Validating PCR Primer Specificity
Validating PCR Primer Specificity
1. To validate specificity of the primers, perform PCR on genomic DNA template from both the wild-type strain and a deletion strain for the gene of interest. Use the same polymerase (e.g. Taq) and cycling conditions as you would for qPCR:

95°C x 3 min
-----------------------------------
95°C x 15 sec
55°C x 1 min 30 cycles
-----------------------------------

2. Perform gel electrophoresis (2% agarose, ~120V for 30-60 min) with the expectation of a single band (100 - 200 bp) in the wild-type and no band in the negative control (deletion strain).
Note
You should see a single band for the wild-type control and no band for the negative control. If you observe a band in the negative-control sample and/or multiple bands in your wild-type sample, the primers are likely annealing to other locations in the genome and should be redesigned.

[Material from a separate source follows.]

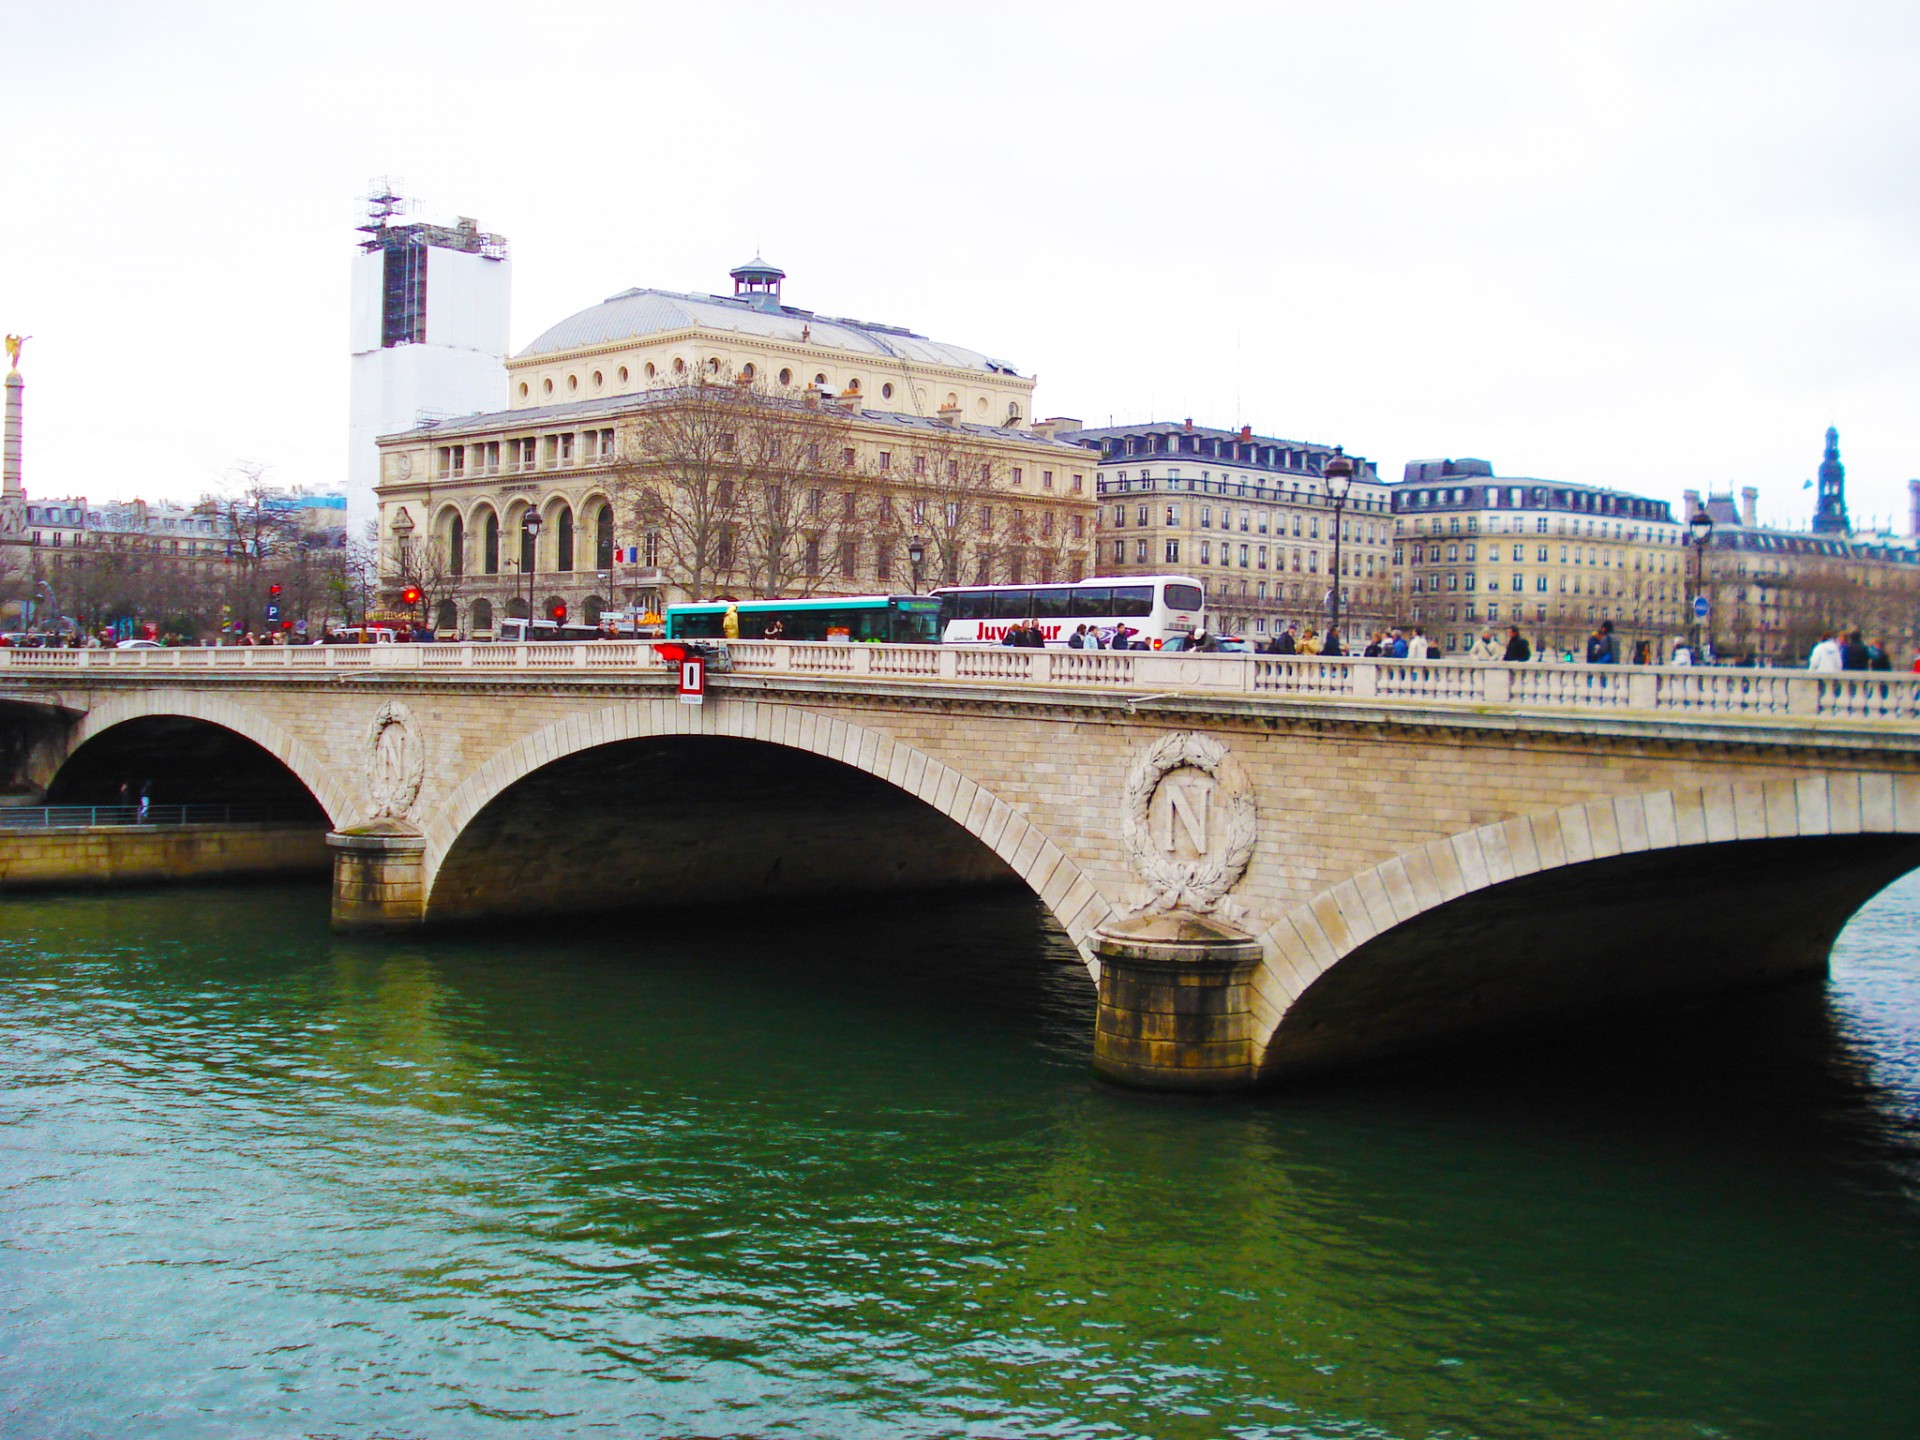 Arches de France - The River

Validating qPCR Primer Efficiency
Validating qPCR Primer Efficiency
1. Dilute cDNA to a range of concentrations: 0.01 ng, 0.05 ng, 0.1 ng, 1 ng, 5 ng, 10 ng, 25 ng and 50 ng (can adjust higher or lower if necessary)
Note
Use a cDNA sample where you are certain that your gene of interest is being expressed. We standardly use a wild-type strain grown under "control" conditions.

Note: the recommendations for concentrations here assume that cDNA was generated using oligo-dT and not random hexamer. Higher concentrations of cDNA may be necessary if using random hexamer (see Step 4).

2. Perform qPCR (Step 6) on new primers (plus the control gene) on the range of cDNA concentrations.

3. Determine your Ct (aka Cq on BioRad qPCR machines) values for your test gene and control gene at each cDNA concentration.

4. Log10 transform your cDNA concentrations (e.g. log10 of 0.01 = -2 and log10 of 50 = 1.69)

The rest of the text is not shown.